HEIC conversion triggered on non-HEIC image bytes when declared MIME is HEIC

When declaredMime is "image/heic" (or "image/heif") but detectedMime is a non-HEIC image type like "image/jpeg", the current logic sets sourceMime = declaredMime = "image/heic" and proceeds to call convertHeicToJpeg on non-HEIC bytes.

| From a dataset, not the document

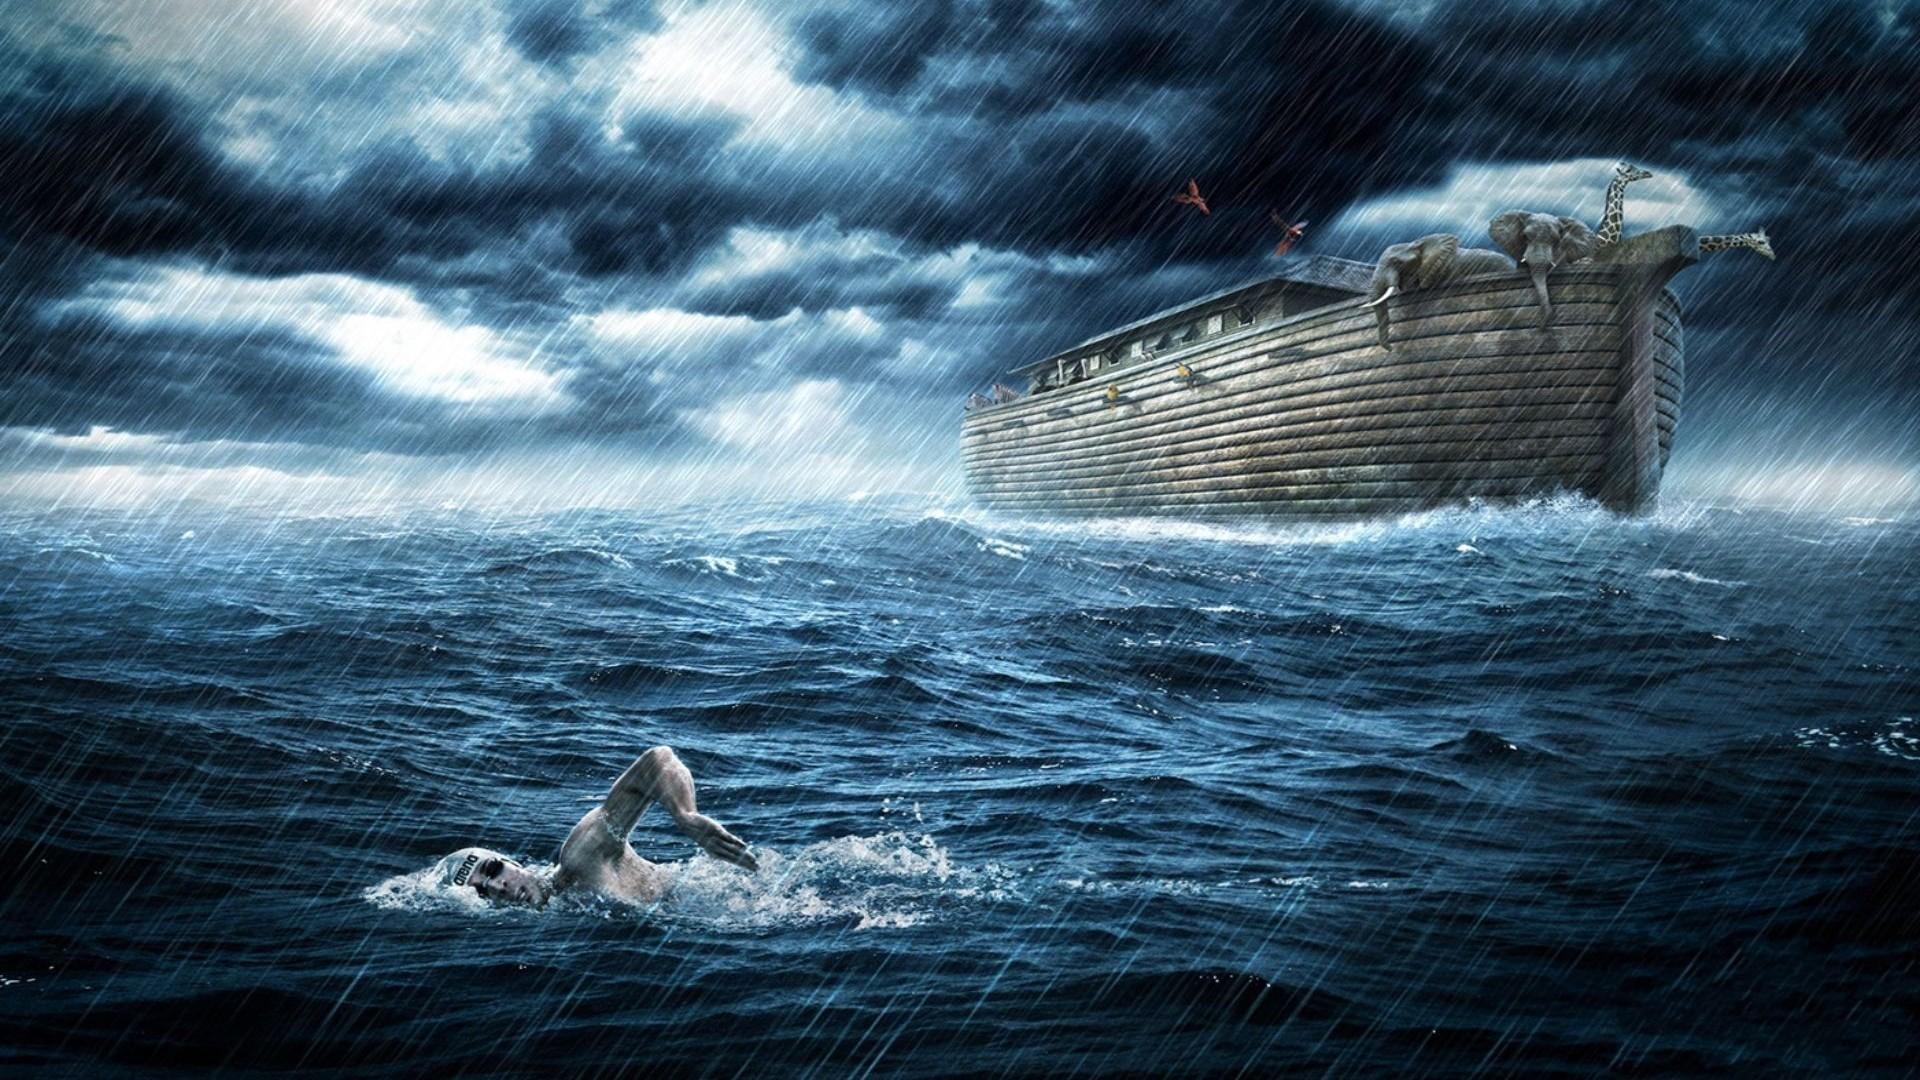 Hd Storm Wallpaper 70 Images

This is a regression from the previous behavior.

Trace for declaredMime = "image/heic", detectedMime = "image/jpeg":

Guard check (line 241): both are image/* → no rejection (correct)

Part 1: "image/jpeg" && HEIC_INPUT_IMAGE_MIMES.has("image/jpeg") → false

Part 2: HEIC_INPUT_IMAGE_MIMES.has("image/heic") && !"image/jpeg" → false

Overall condition → false, takes the else branch

sourceMime = declaredMime = "image/heic"

Line 253: tries to convert JPEG bytes as HEIC

The old code handled this gracefully by using detectedMime ?? declaredMime for all HEIC-declared inputs, so a JPEG claimed as HEIC would be returned directly without conversion.

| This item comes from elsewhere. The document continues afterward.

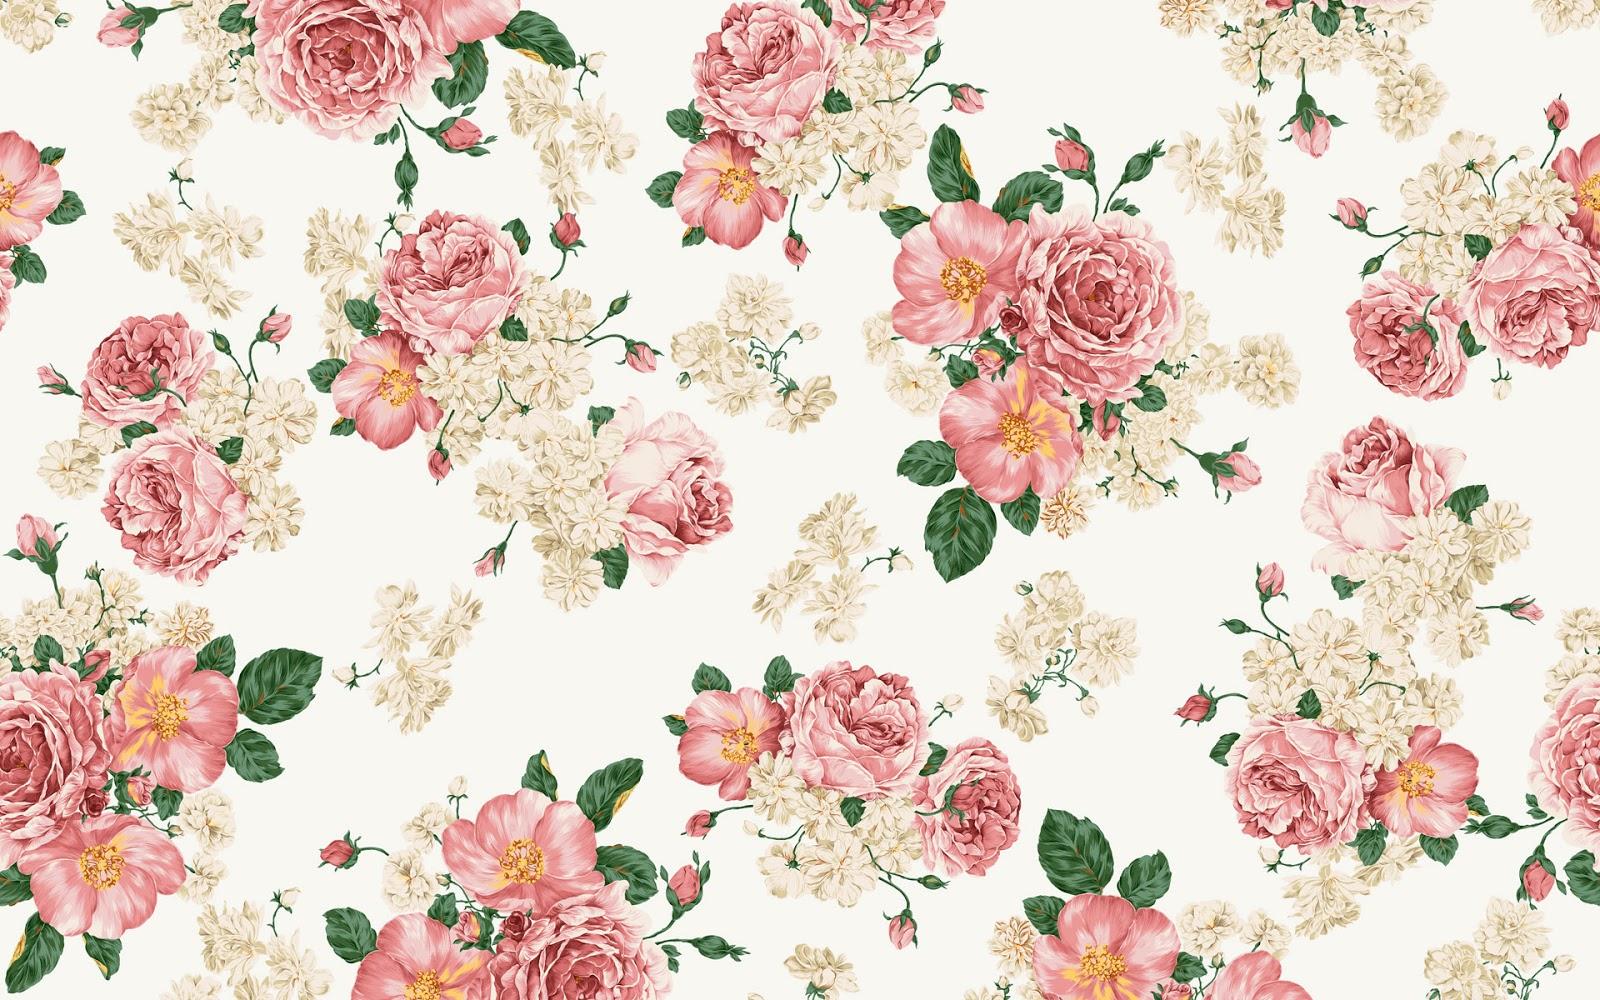 wwwdesktop imagecomvintagegirly vintage desktop backgrounds 5 1600x1000

Fix: also use detectedMime when declaredMime is HEIC but a non-HEIC image was actually detected:

Suggested change

const sourceMime =

(detectedMime && HEIC_INPUT_IMAGE_MIMES.has(detectedMime)) ||

(HEIC_INPUT_IMAGE_MIMES.has(declaredMime) && !detectedMime)

? (detectedMime ?? declaredMime)

: declaredMime;

const sourceMime =

(detectedMime && HEIC_INPUT_IMAGE_MIMES.has(detectedMime)) ||

(HEIC_INPUT_IMAGE_MIMES.has(declaredMime) && !detectedMime)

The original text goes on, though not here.